Documentation
¶
Overview ¶
Package pptx provides PPTX (Office Open XML Presentation) document parsing.
Package pptx provides PPTX (Office Open XML Presentation) document parsing.
Index ¶
- type ExtractOptions
- type Paragraph
- type Reader
- func (r *Reader) Close() error
- func (r *Reader) Document() (*model.Document, error)
- func (r *Reader) Markdown() (string, error)
- func (r *Reader) MarkdownWithOptions(opts ExtractOptions) (string, error)
- func (r *Reader) MarkdownWithRAGOptions(extractOpts ExtractOptions, mdOpts rag.MarkdownOptions) (string, error)
- func (r *Reader) Metadata() model.Metadata
- func (r *Reader) PageCount() (int, error)
- func (r *Reader) Slide(index int) (*Slide, error)
- func (r *Reader) SlideCount() int
- func (r *Reader) Text() (string, error)

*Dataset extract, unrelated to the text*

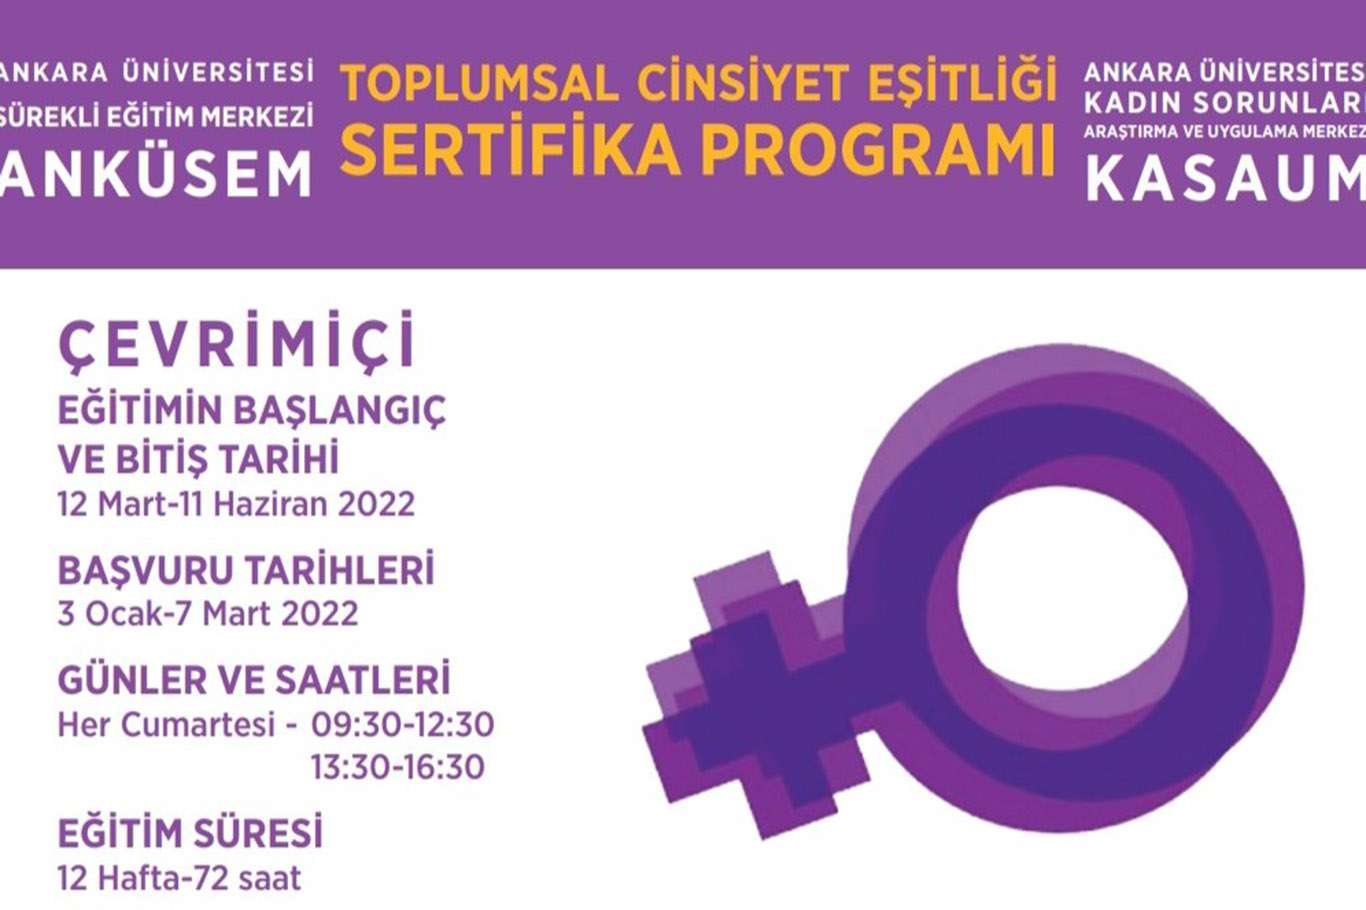 Ankara Üniversitesinin düzenleyeceği "Toplumsal Cinsiyet Eşitliği" programı tepki çekti

- func (r *Reader) TextWithOptions(opts ExtractOptions) (string, error)
- type Run
- type Slide
- type Table
- type TableCell
- type TextBlock
Constants ¶
This section is empty.
Variables ¶
This section is empty.
Functions ¶
This section is empty.
Types ¶
type ExtractOptions ¶
type ExtractOptions struct {
IncludeNotes bool // Include speaker notes
IncludeTitles bool // Include slide titles (default: true)

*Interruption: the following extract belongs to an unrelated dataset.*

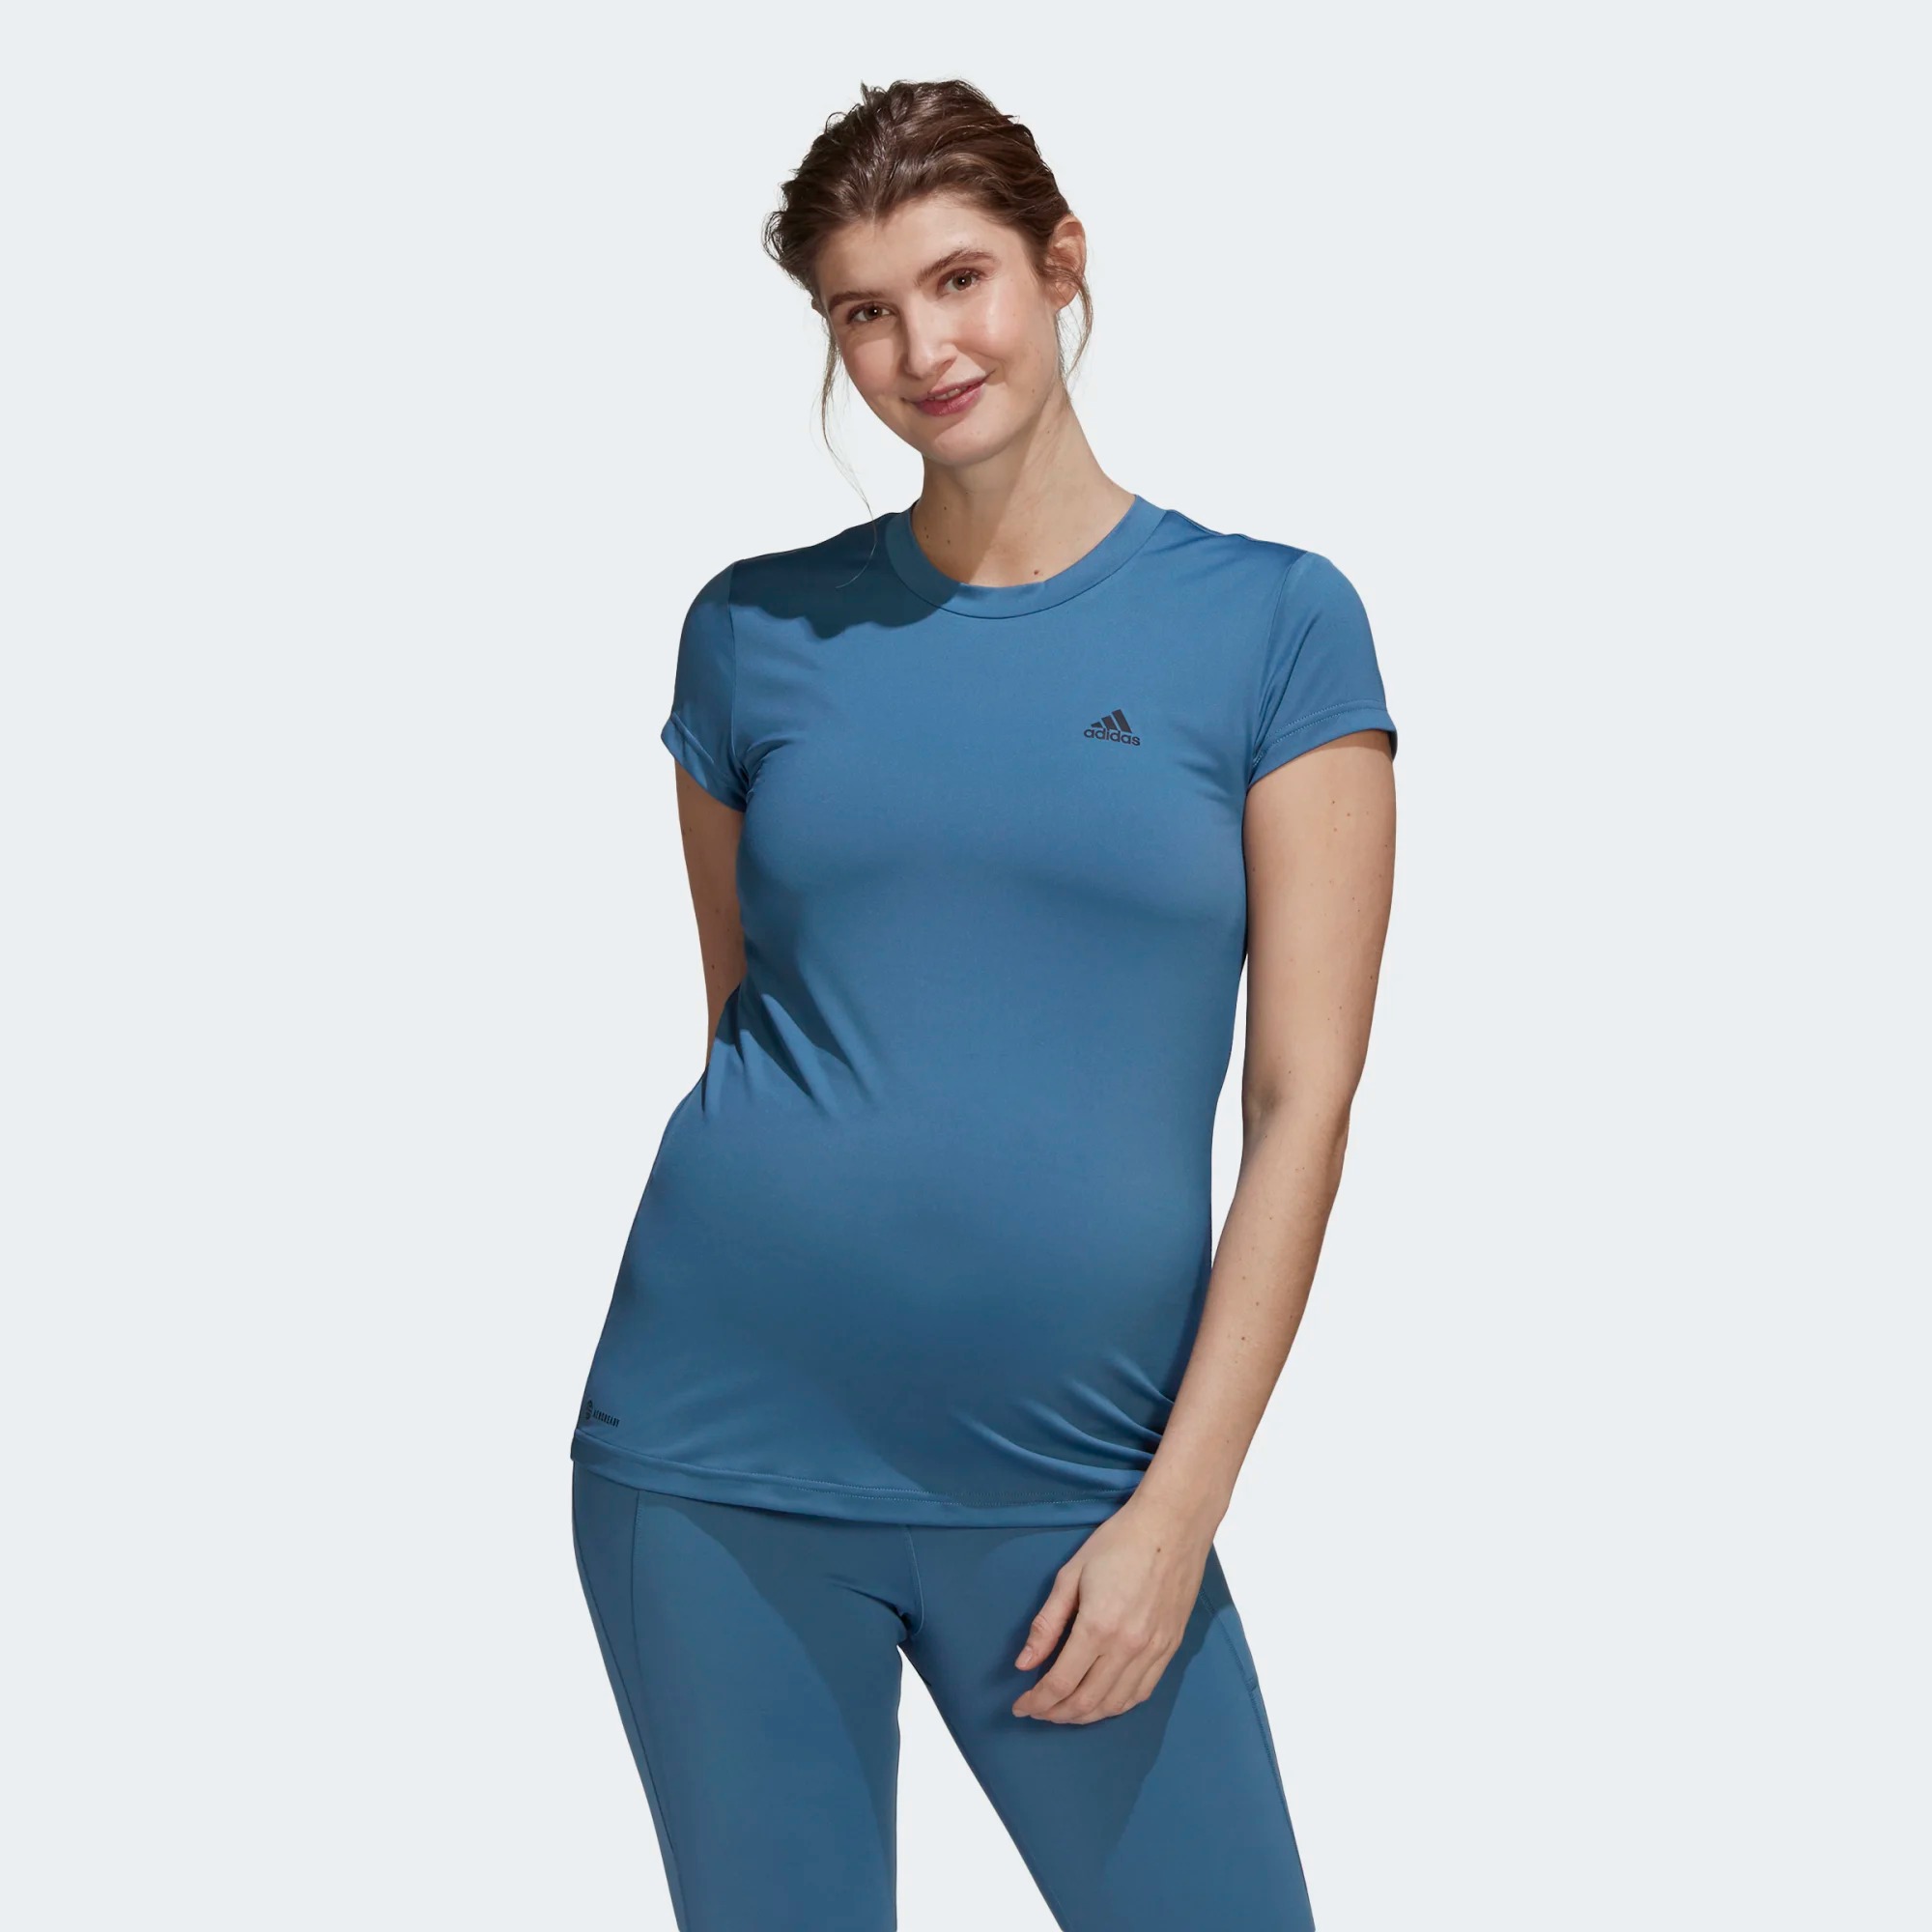 Футболка для беременных женская Adidas Maternity Tee красная XS

SlideNumbers []int // Which slides to include (0-indexed, empty = all)
ExcludeHeaders bool // Exclude header placeholders
}
ExtractOptions holds options for text extraction.
type Paragraph ¶
type Paragraph struct {
Text string
Level int // Bullet/indent level (0 = top level)
IsBullet bool // Has bullet point
IsNumbered bool // Is numbered list
BulletChar string // Bullet character (if custom)
Alignment string // l, ctr, r, just
Runs []Run // Text runs with formatting
}
Paragraph represents a paragraph within a text block.
type Reader ¶
type Reader struct {
// contains filtered or unexported fields
}
Reader provides access to PPTX document content.
func (*Reader) MarkdownWithOptions ¶
func (r *Reader) MarkdownWithOptions(opts ExtractOptions) (string, error)
MarkdownWithOptions returns presentation content as Markdown with options.
func (*Reader) MarkdownWithRAGOptions ¶
func (r *Reader) MarkdownWithRAGOptions(extractOpts ExtractOptions, mdOpts rag.MarkdownOptions) (string, error)
MarkdownWithRAGOptions returns presentation content as Markdown with RAG options.
func (*Reader) SlideCount ¶
SlideCount returns the number of slides.
func (*Reader) TextWithOptions ¶
func (r *Reader) TextWithOptions(opts ExtractOptions) (string, error)
TextWithOptions extracts text content with the specified options.
type Slide ¶
type Slide struct {
Index int // 0-indexed slide number
Title string // Slide title (from title placeholder)
Content []TextBlock // Text content in reading order
Tables []Table // Tables on the slide
Notes string // Speaker notes
}
Slide represents a parsed slide.
func (*Slide) GetMarkdown ¶
GetMarkdown returns the slide content as markdown.
type Table ¶
type Table struct {
Rows [][]TableCell
Columns int
X, Y int // Position in EMUs
Width int // Width in EMUs
Height int // Height in EMUs
}
Table represents a table on a slide.
func (*Table) ToMarkdown ¶
ToMarkdown converts a table to markdown format.
type TableCell ¶
type TableCell struct {
Text string
RowSpan int
ColSpan int
IsMerged bool // Part of a merged cell (not the origin)
}
TableCell represents a cell in a table.
type TextBlock ¶
type TextBlock struct {
Text string
Paragraphs []Paragraph
IsTitle bool // Is this the slide title?
IsSubtitle bool // Is this a subtitle?
Placeholder string // Placeholder type (title, body, etc.)
X, Y int // Position in EMUs
Width int // Width in EMUs
Height int // Height in EMUs
}
TextBlock represents a block of text on a slide.